Не знаю, как долго просидел я таким образом; наконец, ливрейный лакей, которого я принял за раджу, пришел объявить мне, что обед подан и дядя ожидает меня; я вошел в обеденный зал: к счастью, дядя был там один, и я вздохнул с облегчением.
В конце трапезы, когда дяде принесли пунш, а негр разжег ему трубку, он отослал слуг и мы остались одни. Некоторое время он с озабоченным видом вдыхал и выдыхал дым, не произнося ни слова, но затем вдруг нарушил молчание:
"Ну, так что, Уильямс?" – обратился он ко мне.
Я не был готов к его вопросу и от неожиданности подпрыгнул на стуле.
"О чем вы, дядюшка?" – пробормотал я.
"Нам надо, наконец, немного поговорить о тебе, мальчик мой.
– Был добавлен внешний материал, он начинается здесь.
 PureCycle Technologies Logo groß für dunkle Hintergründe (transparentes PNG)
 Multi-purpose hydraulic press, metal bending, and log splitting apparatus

Когда я приехал, твой бедняга-отец был слишком занят собой".
Я разрыдался.
"В итоге я не успел спросить у него, кем он рассчитывал сделать тебя. Ну что такое: ты опять рыдаешь? Послушай, ты уже закончил колледж и должен быть силен в философии. Вчера это случилось с моим братом, завтра придет мой черед, а через неделю, может быть, твой; видишь ли, надо ценить жизнь за то, что она нам дана; все твои слезы не смогут вернуть бедного Джека Бландела, поэтому послушай меня: утри слезы, выпей стакан пунша, возьми трубку и давай поговорим, как полагается мужчинам".
Я вежливо отказался от предложенных дядей пунша и трубки, но утер слезы и постарался не плакать.
"Ну а теперь, – сказал дядя, искоса взглянув на меня, – скажи-ка, каковы твои планы на будущее?"
"Мне хотелось бы, – ответил я, – посвятить себя преподаванию, и я полагаю, что полученное мною образование делает меня способным заняться этим благим делом".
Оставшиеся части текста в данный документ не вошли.